- **The problem**
Pictures are to be left out. Return exactly the lines below from the one with "A grandfather clock, Germany, ca." up to and including the one with "Cherie Blair Is".

- **Given entries**
[Start of Attachment]

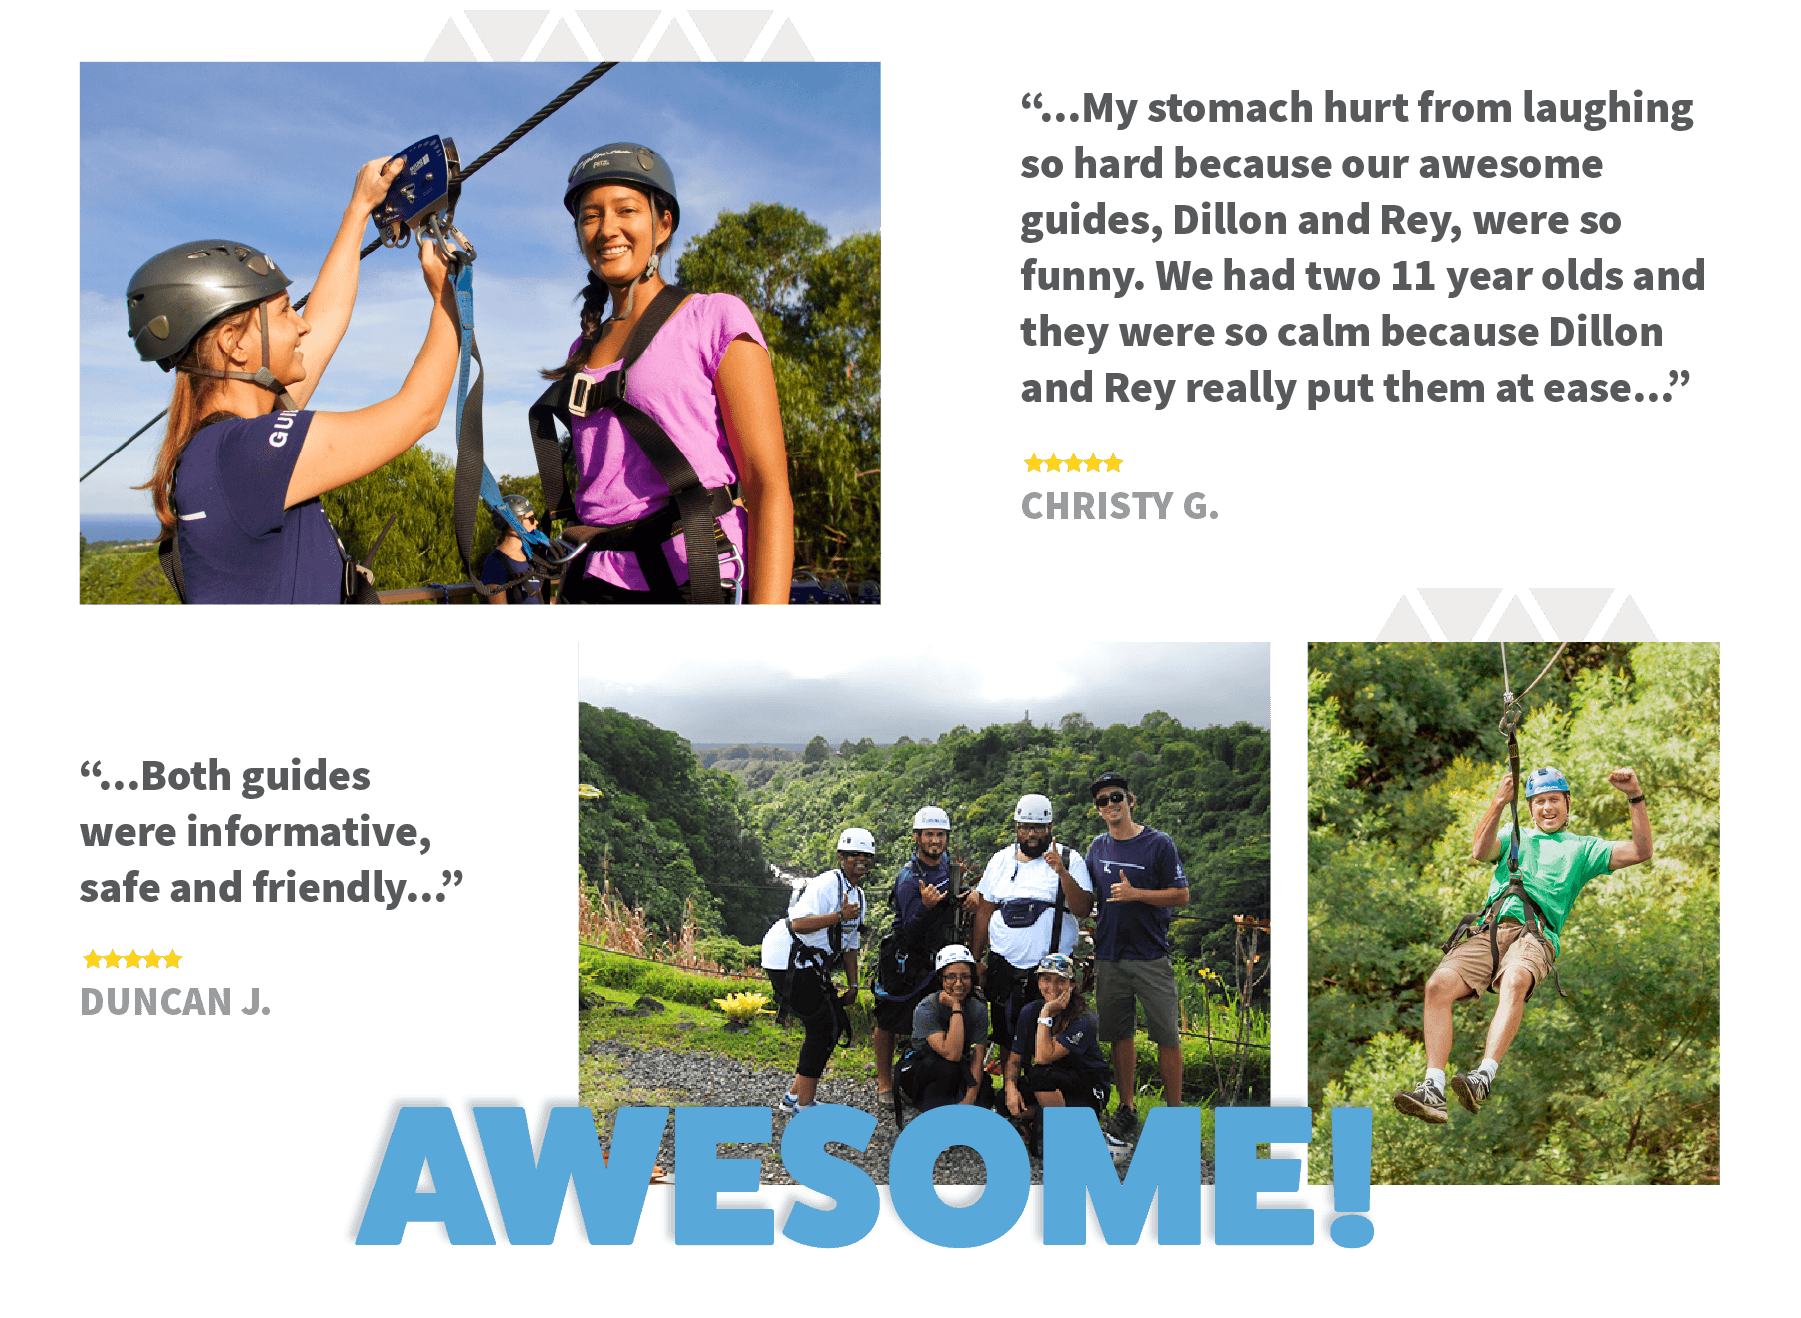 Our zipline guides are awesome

[End of Attachment]
[Start of Attachment]

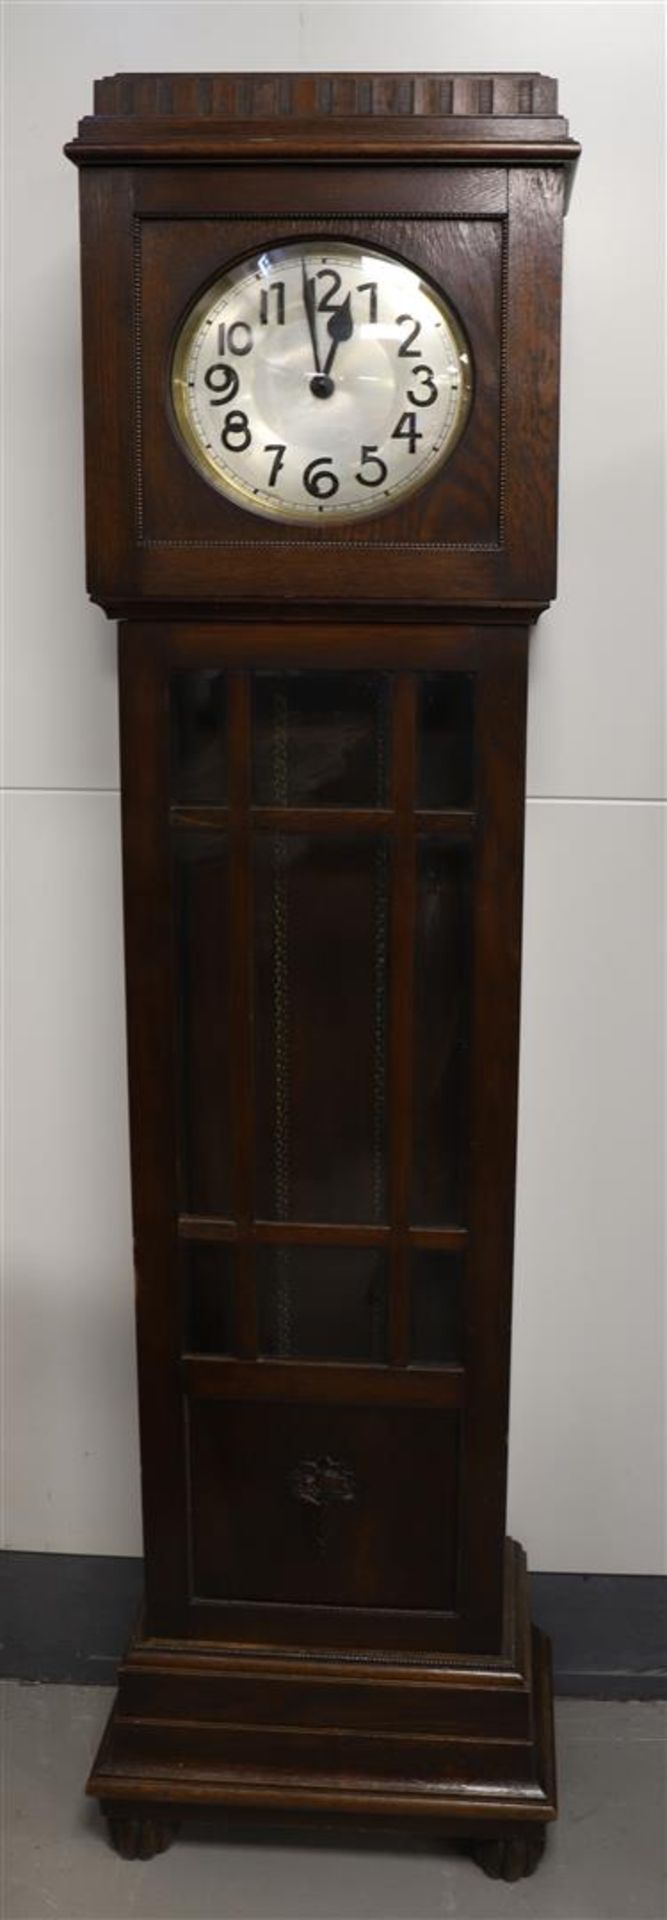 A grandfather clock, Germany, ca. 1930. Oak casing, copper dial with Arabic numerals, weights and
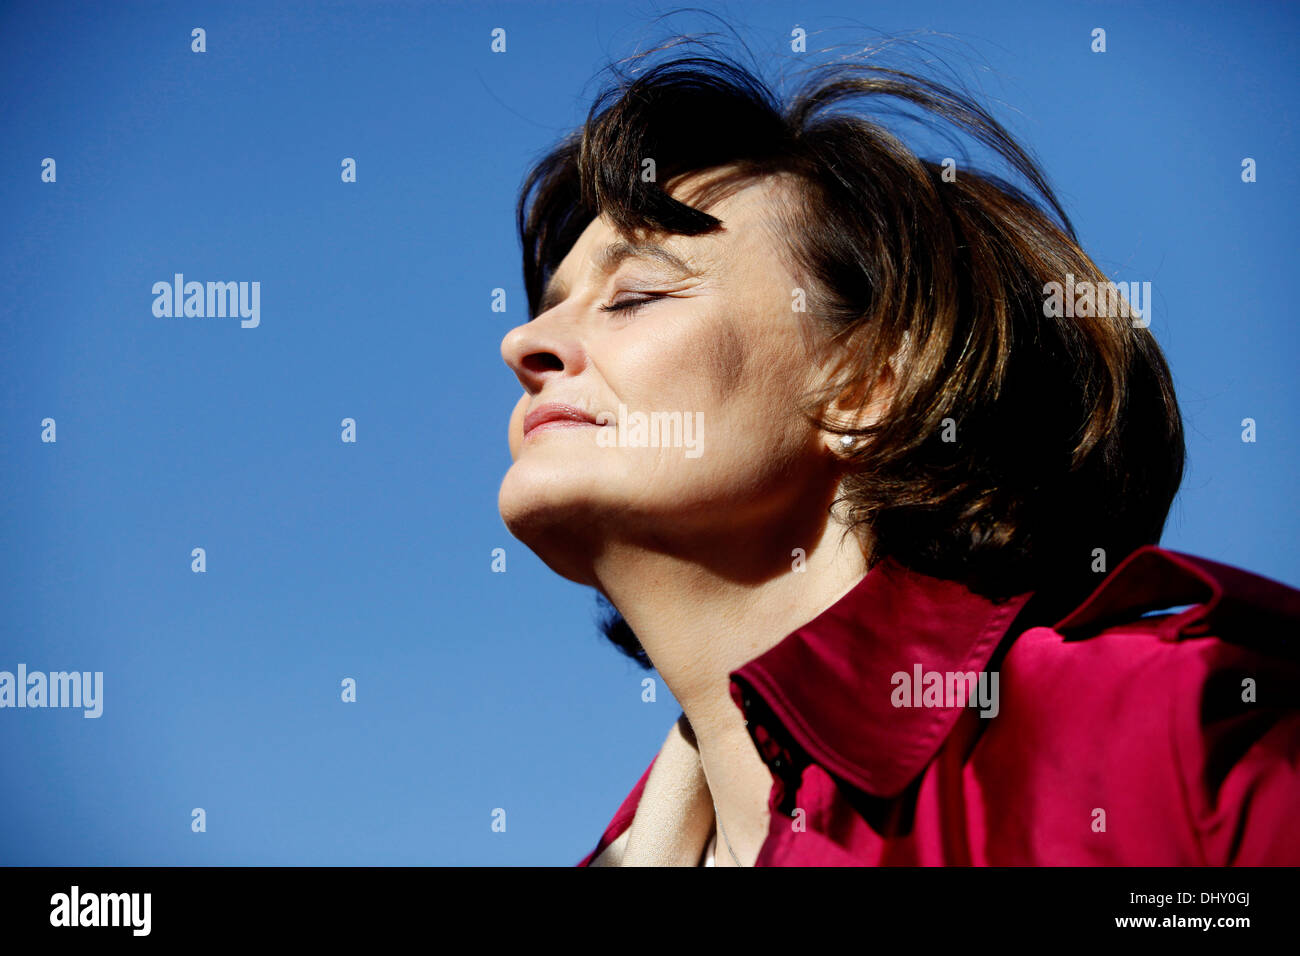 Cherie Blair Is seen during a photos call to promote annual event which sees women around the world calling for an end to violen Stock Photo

[End of Attachment]

- **Exercise result**
 A grandfather clock, Germany, ca. 1930. Oak casing, copper dial with Arabic numerals, weights and
 Cherie Blair Is seen during a photos call to promote annual event which sees women around the world calling for an end to violen Stock Photo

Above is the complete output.